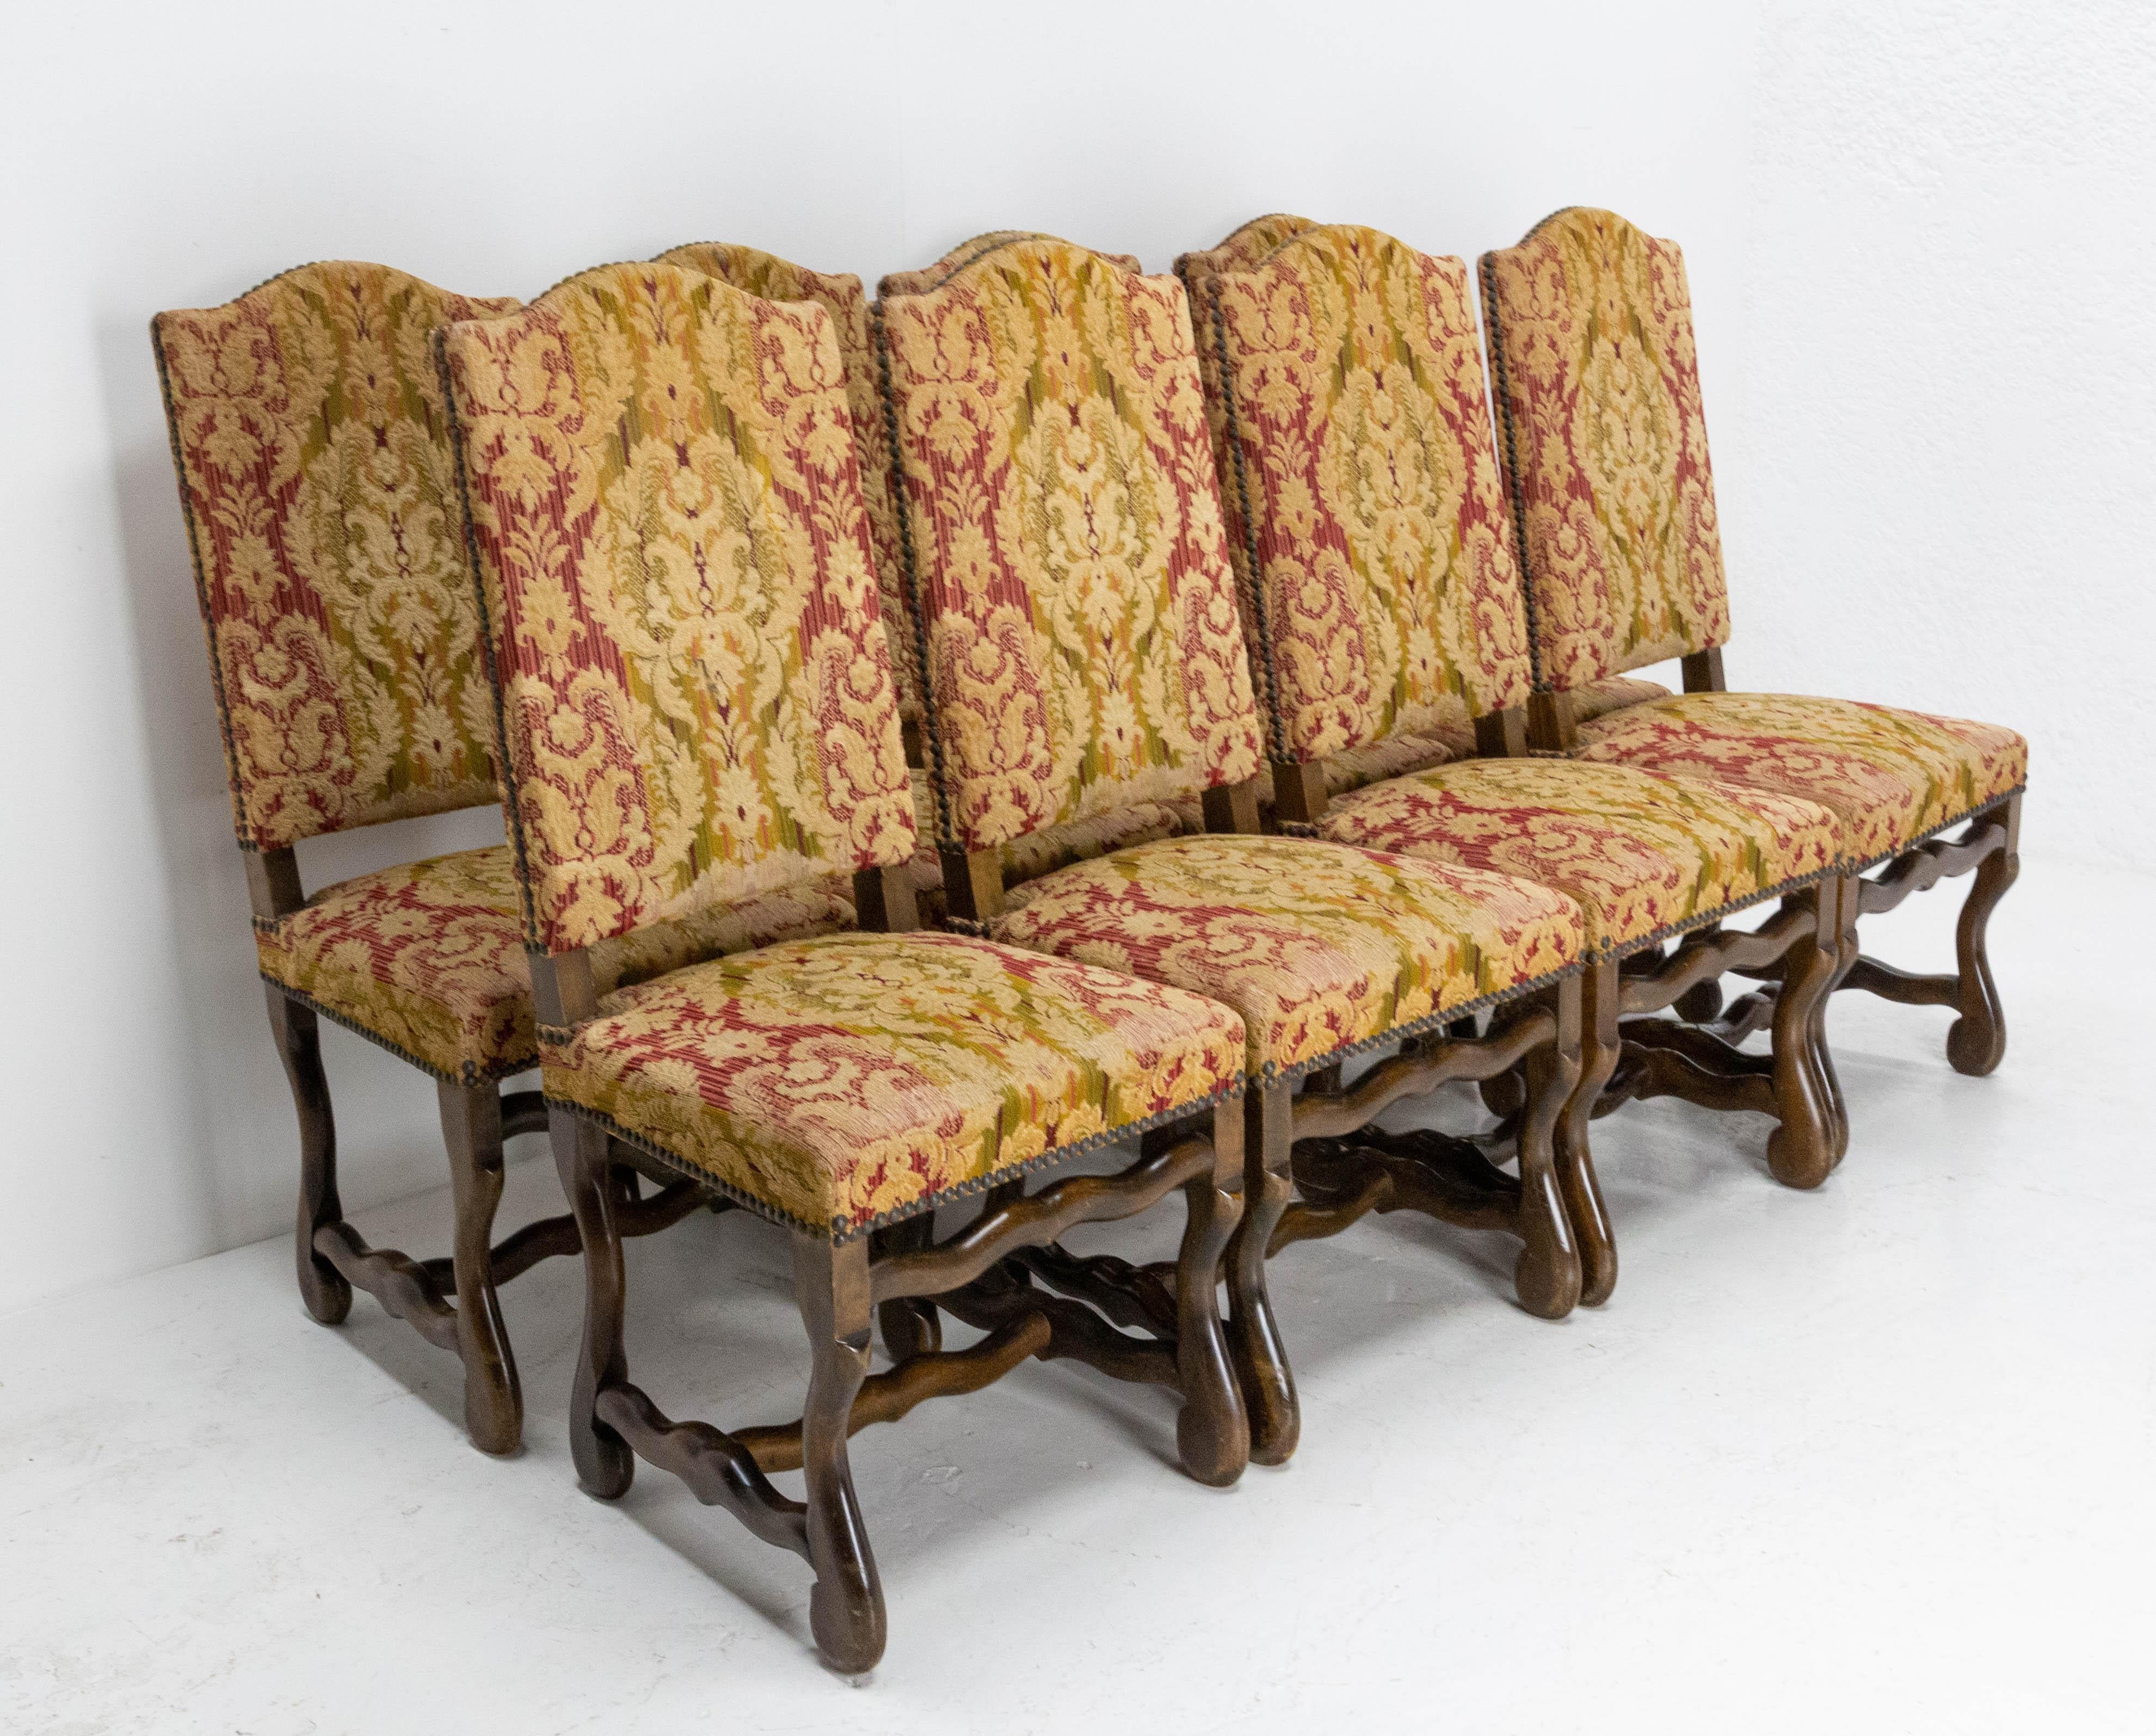 Acht Esszimmerstühle im Stil Louis XIII um 1960
Diese Stühle stammen aus einem Restaurant an der französischen Baskenküste (Südwestfrankreich)
Wir haben auch zwei Sätze von sechs Stühlen, wenn Sie benötigen, fragen Sie bitte einfach.
Der Stuhl kann
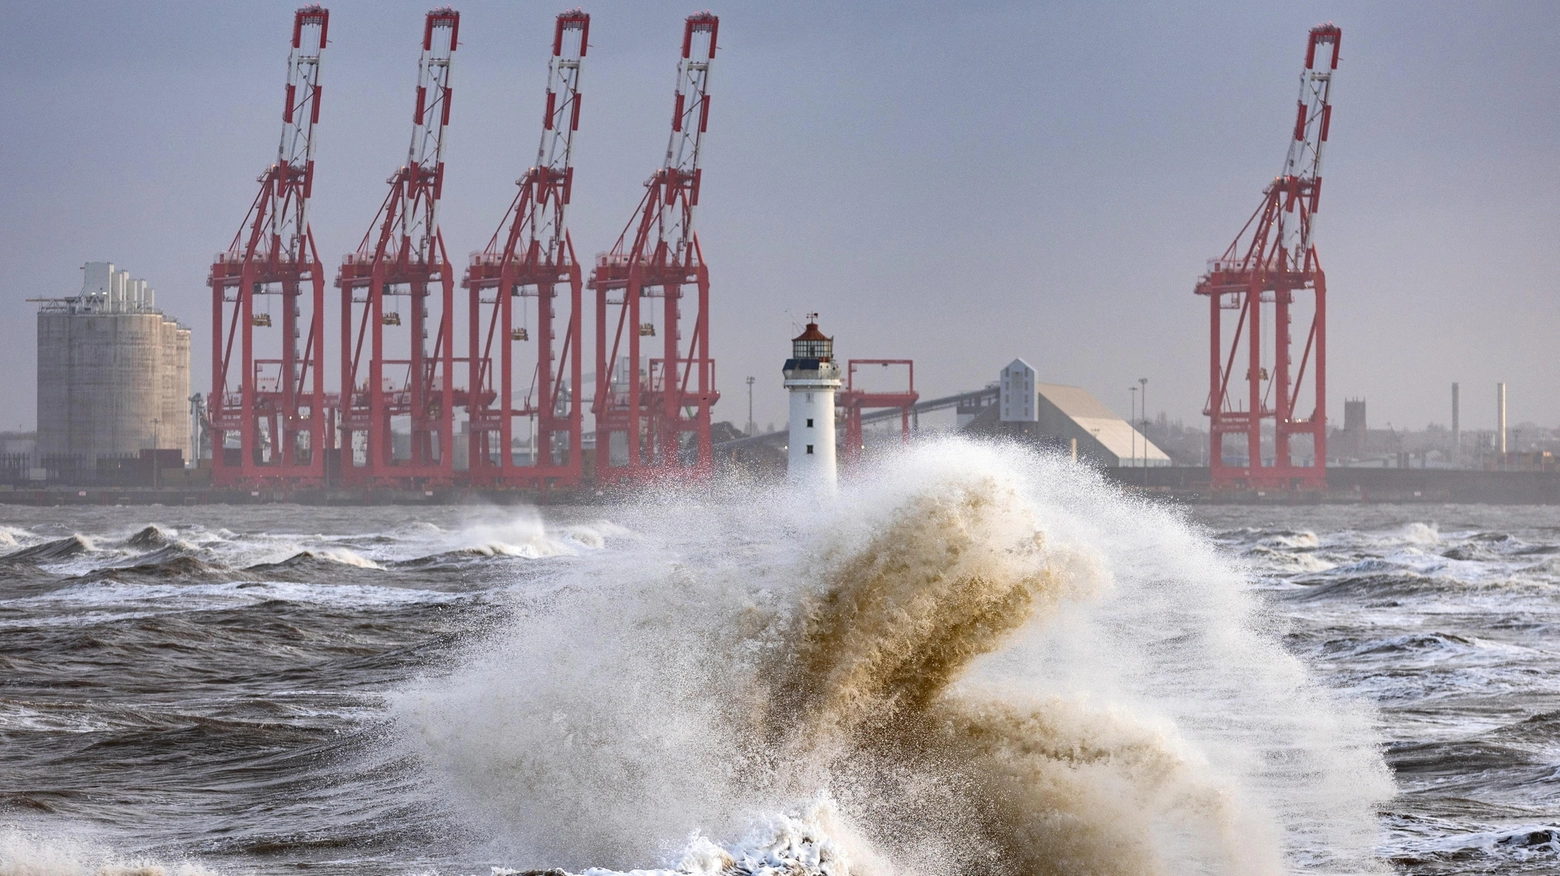 Mare in tempesta a New Brighton (Ansa)
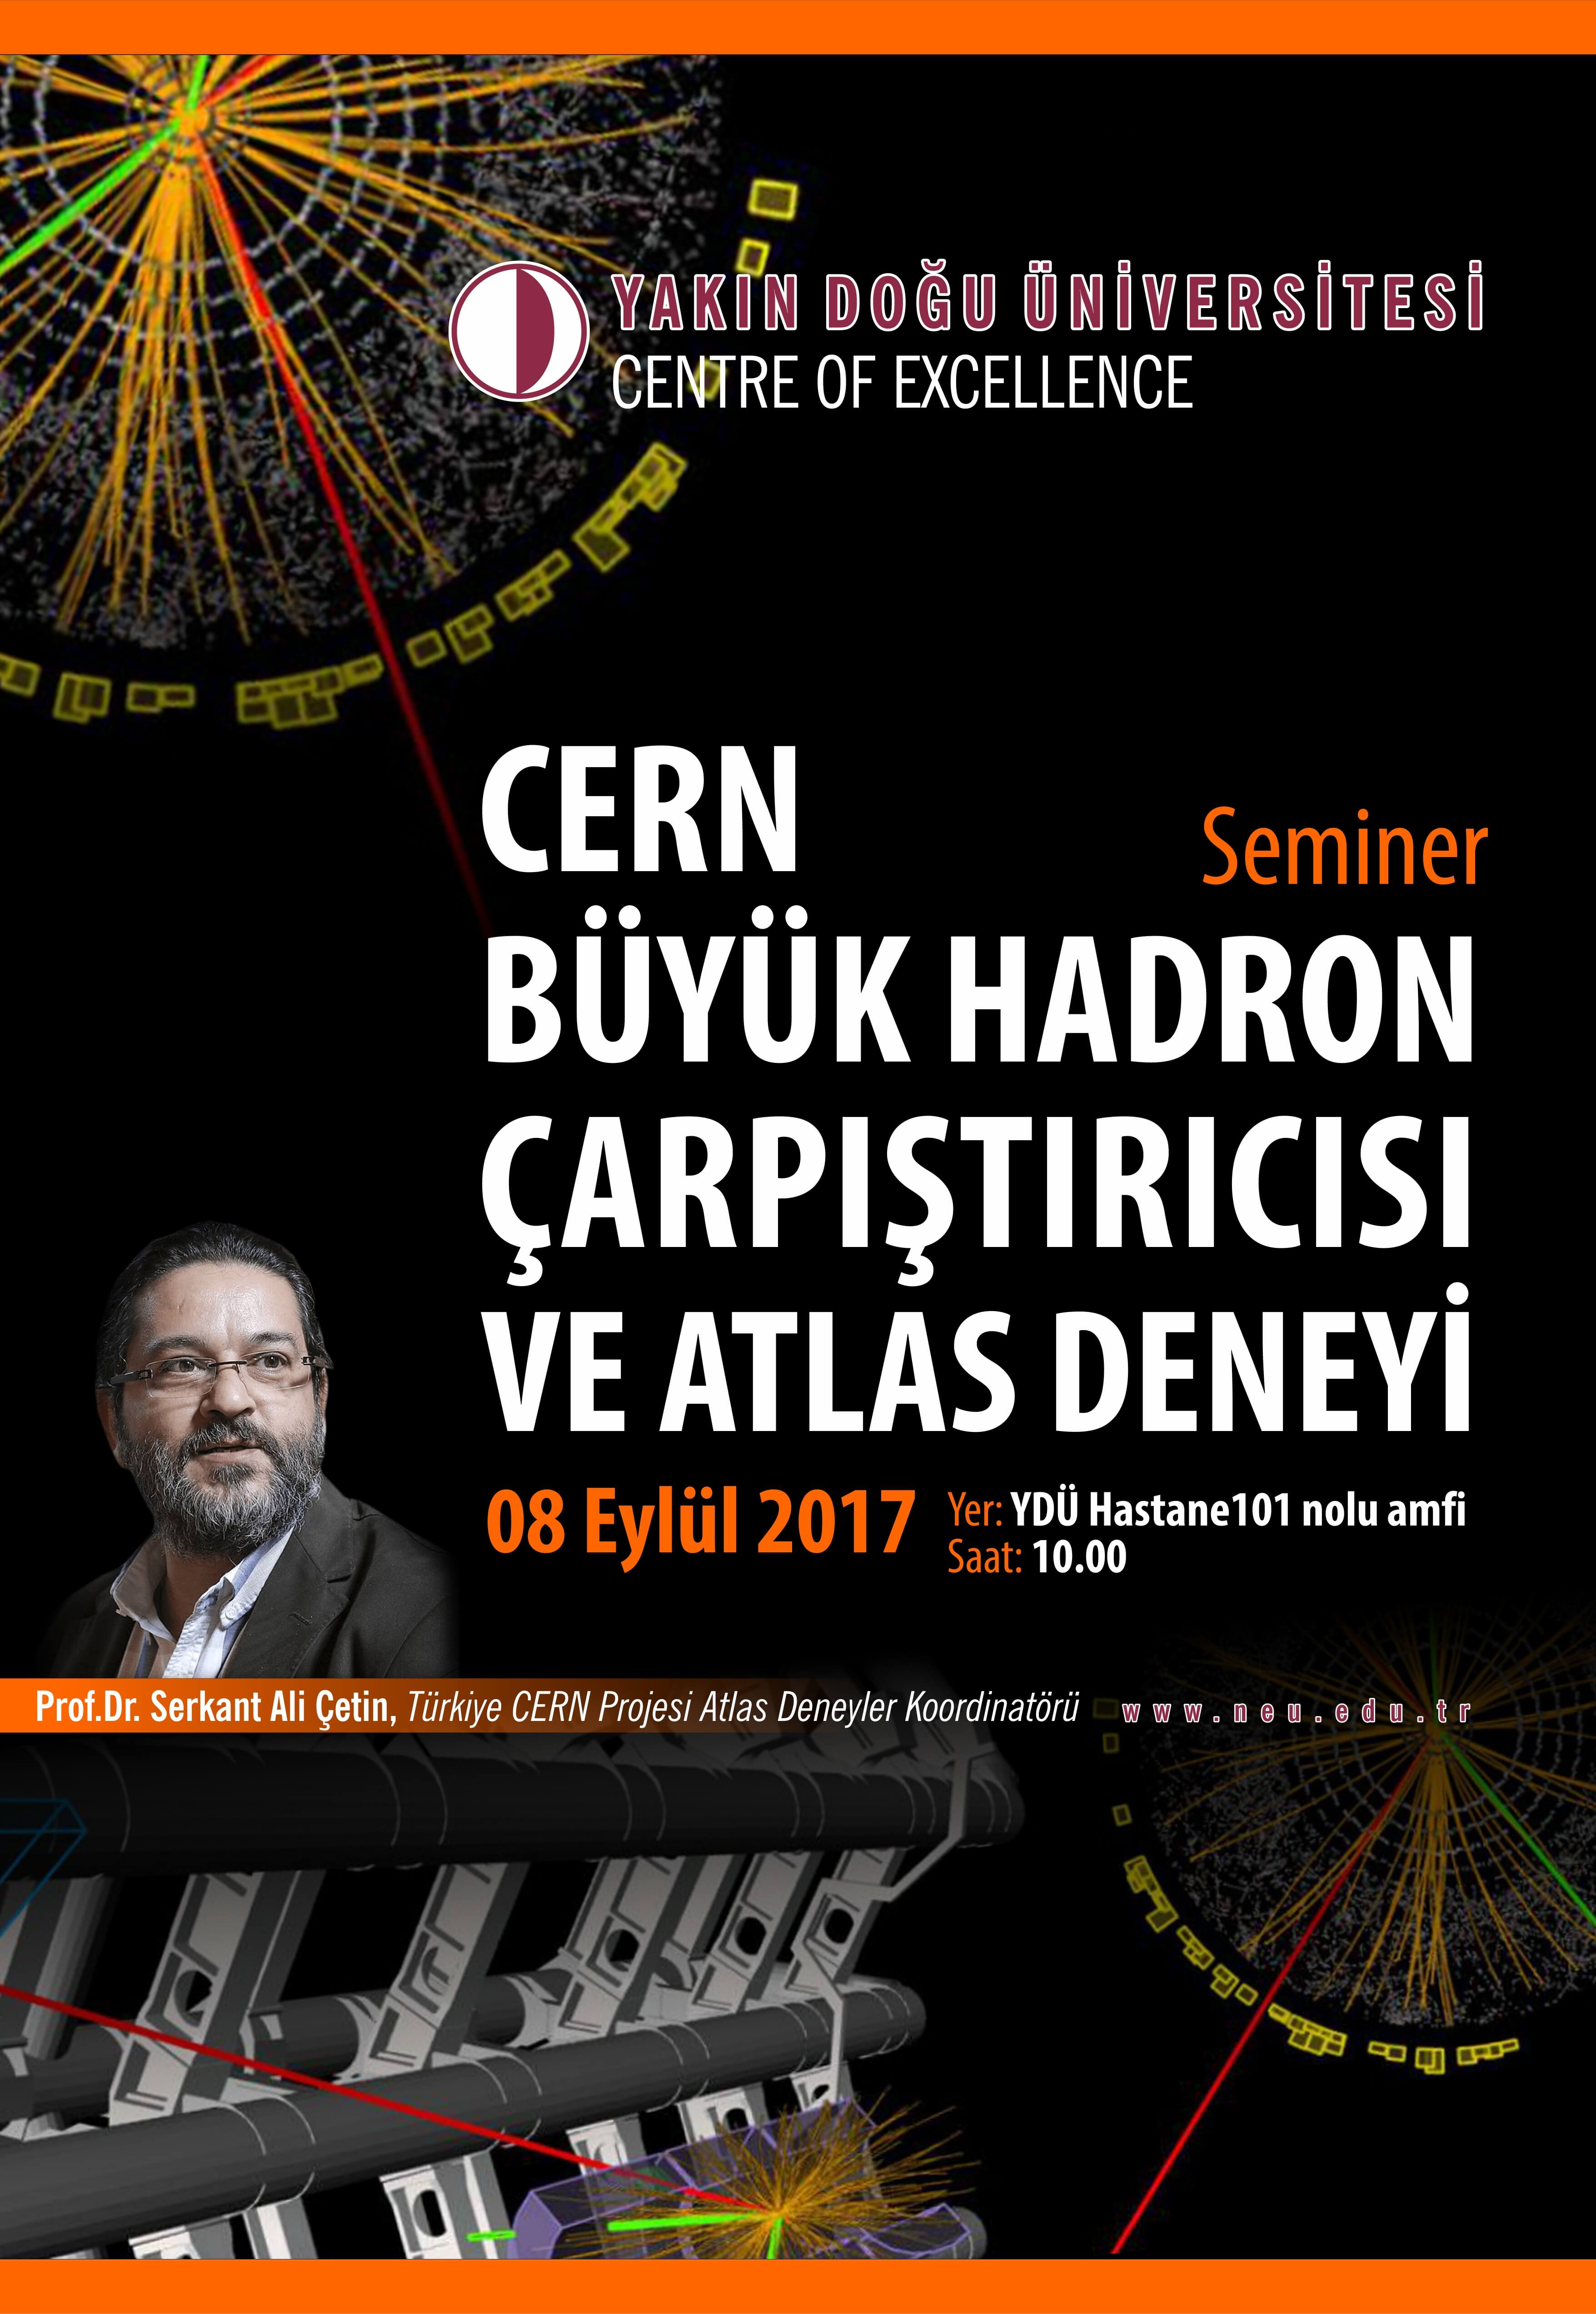 “CERN Büyük Hadron Çarpıştırıcısı ve Atlas Deneyi” Semineri

# EXERCISE BRIEF
Exactly what appears in the records above must be returned, apart from the pictures.

# RESPONSE TO THE TASK
 Acht Esszimmerstühle im Stil Louis XIII um 1960
Diese Stühle stammen aus einem Restaurant an der französischen Baskenküste (Südwestfrankreich)
Wir haben auch zwei Sätze von sechs Stühlen, wenn Sie benötigen, fragen Sie bitte einfach.
Der Stuhl kann
 Mare in tempesta a New Brighton (Ansa)
 “CERN Büyük Hadron Çarpıştırıcısı ve Atlas Deneyi” Semineri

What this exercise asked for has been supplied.